You can cut the tallest canes back to the ground, if you want, or you can cut them just above a leaf, at the desired height. Again, always take out the weakest canes, or any that may be turning yellow.

What to Use:

As always, start with clean blades on your pruning shears or loppers. Some of the canes can be cut with the short, handheld pruners, but some of the older canes can be quite thick and fibrous, especially near the bottom. This may require the longer handled loppers that will give you more leverage.

Dividing Alpina

Want More Plants? Want to Share?

Variegated ginger is a vigorous plant; its clumps will spread up to 8 feet in diameter. If your garden is small, Alpina will need to be divided every couple of years. To make handling easier, the canes can be pruned off at the ground. I prefer to leave the young, healthy canes in place, as they are the next ones to bloom. It is fine, however, to remove them, leaving only the very young new shoots. This is especially helpful if taking them along when relocating. It is also fine to remove all canes, handling only the rhizomes.

When Dividing Alpina, Have a New Home Ready and Waiting

As with any plant, do not allow the roots/rhizomes to be exposed to air for any longer than absolutely necessary.

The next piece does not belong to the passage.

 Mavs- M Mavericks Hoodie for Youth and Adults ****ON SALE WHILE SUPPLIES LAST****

I prefer no more than a few seconds. This requires having a new hole already dug and waiting, or having a pot with moist soil inside, ready and waiting to receive the newly divided plant. Water well and often, and soon you will see new your plant send up new those pretty light-red spears that will open to reveal large yellow-and-green striped leaves.

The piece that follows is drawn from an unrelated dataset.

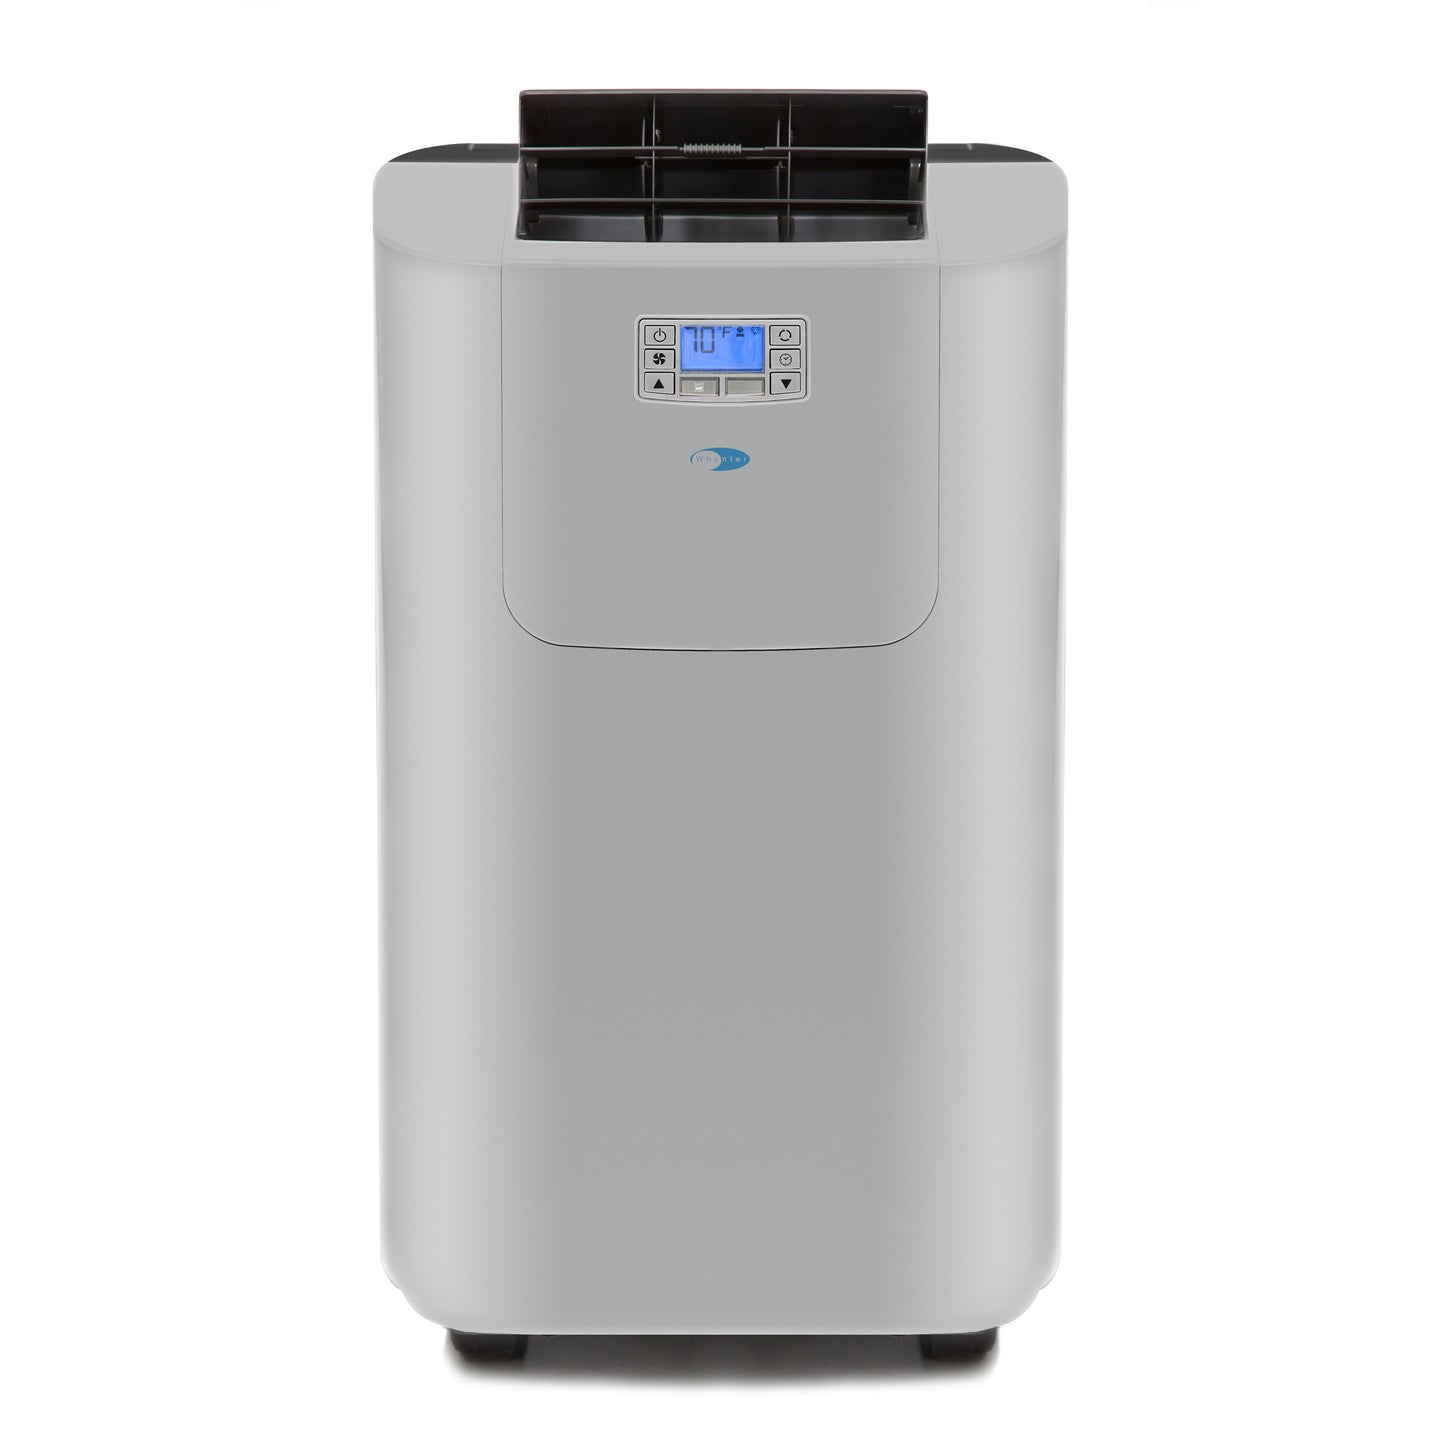 Buy a Whynter Elite 12000 BTU 400 sq ft Dual Hose Digital Portable Air Conditioner with Heat and Drain Pump by Chilled Beverages

The Large, Gorgeous Leaves of Variegated Ginger

Variegated Ginger Leaf MMP x2

The leaves alone on this plant will add interest and a tropical flavor to your garden. The flowers are serendipity — “icing on the cake”. Proper care will ensure that Alpina brings you pleasure for years to come.

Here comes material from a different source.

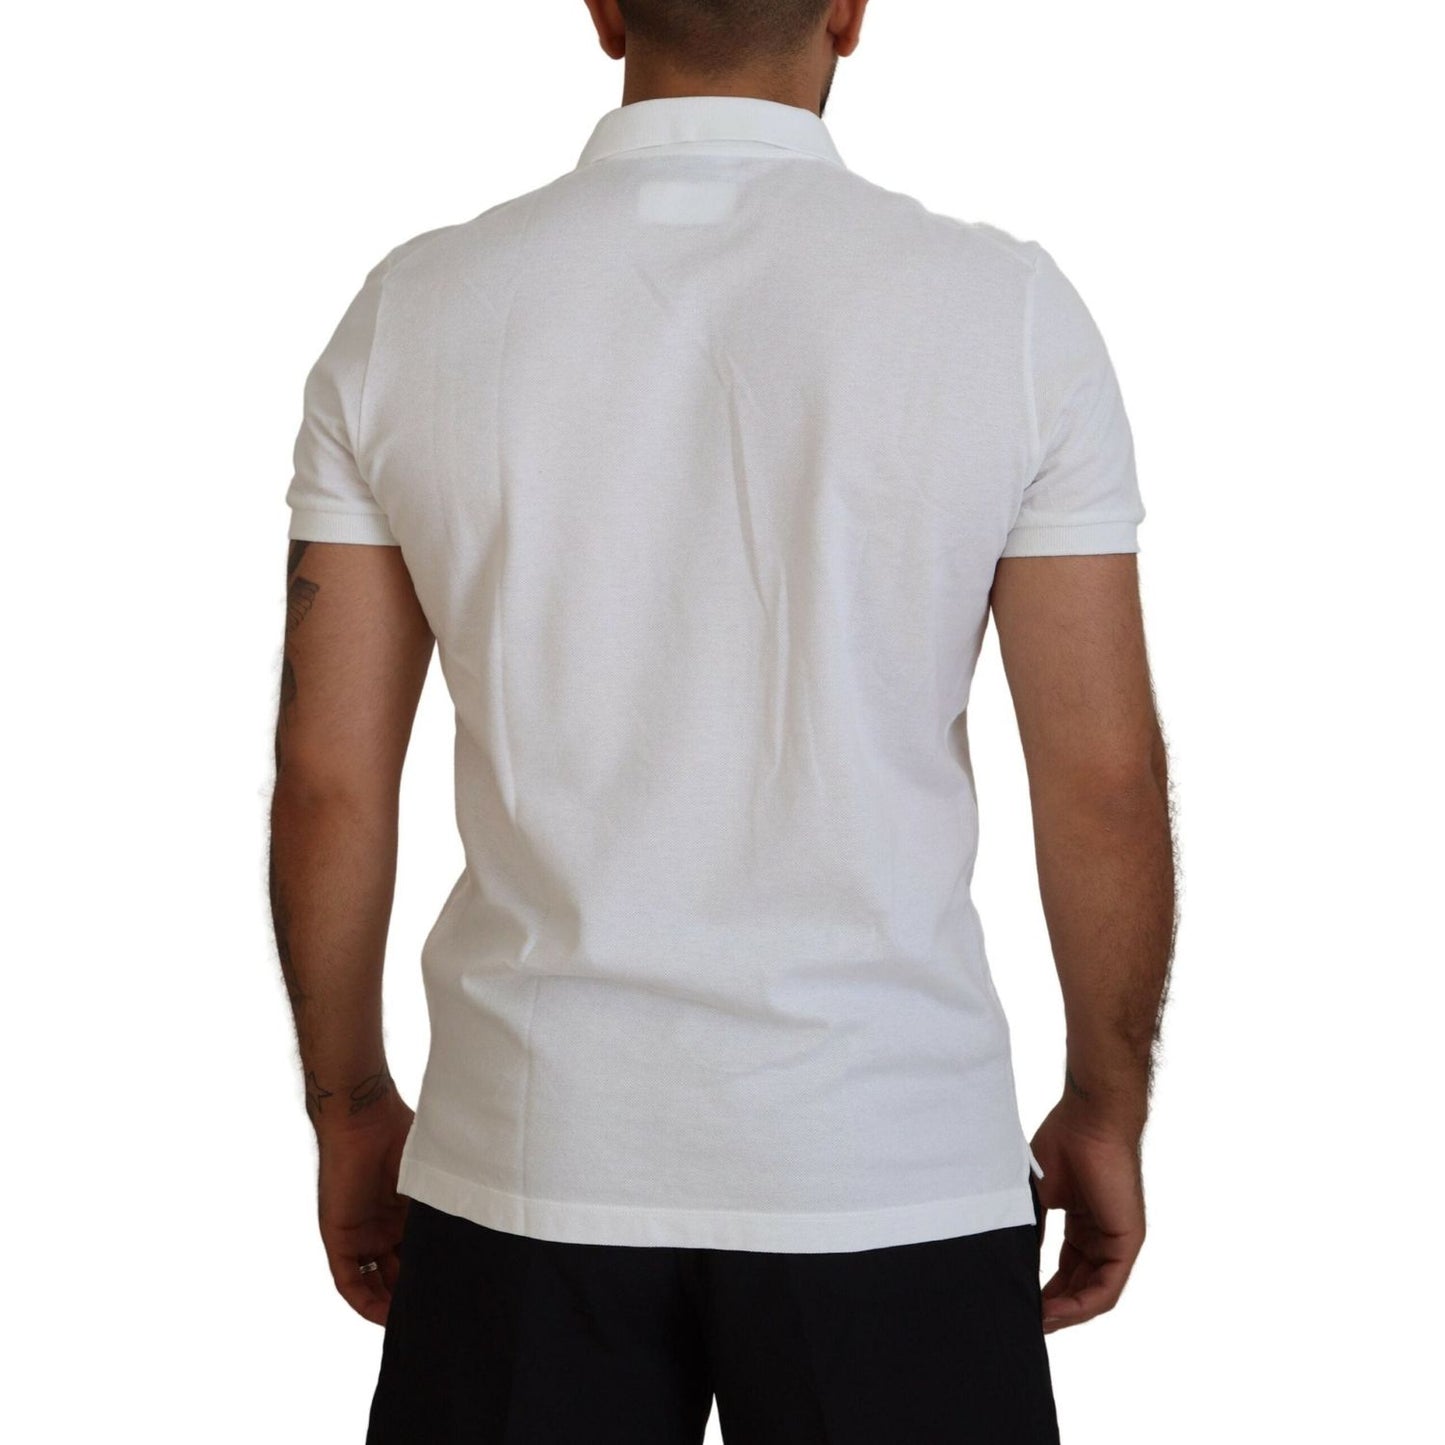 Dsquared² White Cotton Short Sleeves Collared T-shirt white-cotton-short-sleeves-collared-t-shirt

More Ways to Introduce Color in to Your Garden

Variegated Ginger Flower Buds - mlm

I recently chatted with a woman at my local coffee house, and of course, the topic eventually turned to gardening, and what to plant in this worthless soil. She complained of her flowers suffering in the mid-summer heat, and asked about other plants, especially foliage plants, for introducing color into her garden. It’s true, some flowers can get long and leggy during summer heat, and even the new guinea impatiens, which can take sun, may wilt and die in intense heat, with drought or near-drought conditions. This lady was fortunate. She had some of the much-coveted shade provided by huge live oaks.

I have highlighted 6 foliage plants in this post. These are the top 5 foliage plants for shade and shade-to-part sun gardens in most of the southeastern United States, plus my favorite tropical foliage plant, shown above. It’s shown as #4 below, and is the only one that will not survive in the entire southeast.

During the hottest weather, many plants grown for their flowers will struggle in the heat. It is at this time that foliage plants can shine. With their many shades of green, from yellowish-green to darkest blue-green, cream, white, even red, pink, purple, burgundy, and black, they add great interest to the garden, especially shady areas where some flowers will not grow. I filled the shady, wooded area in the yard of our former homes in Alabama and North Carolina with foliage plants, especially hosta, fern, and wild violets. I did not limit it to hosta and fern, though. I also added elephant ears and ground covers such as the chartruese Creeping Jenny.

I admit to being partial to hosta and fern, but there are so many other foliage plants, and some of the new hybrids are so colorful that it is possible to create an amazing  flower-free yet color-filled  garden. Coleus and Caladiums are also favorites of mine, and I depend on all of these for my new yard that still has very little shade, although I am trying hard to create it.

1. — Coleus

Whether you pronounce it “cole-yus”,or “col-e-us” seems to depend on where you originate. Either way, you have to agree it is one of the most colorful foliage plants we have. This plant probably comes in more color combinations, than most of the others listed here: burgundies, reds, purples, various shades of green, white, and even yellow. Coleus is easy to grow, and will add beauty to your garden. Until the last few years, coleus grew only in the shade. Today, however, there are many new varieties that do well in full sun. Oh, the wonders of hybridization!

Coleus Along Path

This plant comes in so many color combinations, it is mind-boggling:  burgundies, reds, purples, various shades of green, white, and even yellow. Coleus is easy to grow, and will add beauty to your garden.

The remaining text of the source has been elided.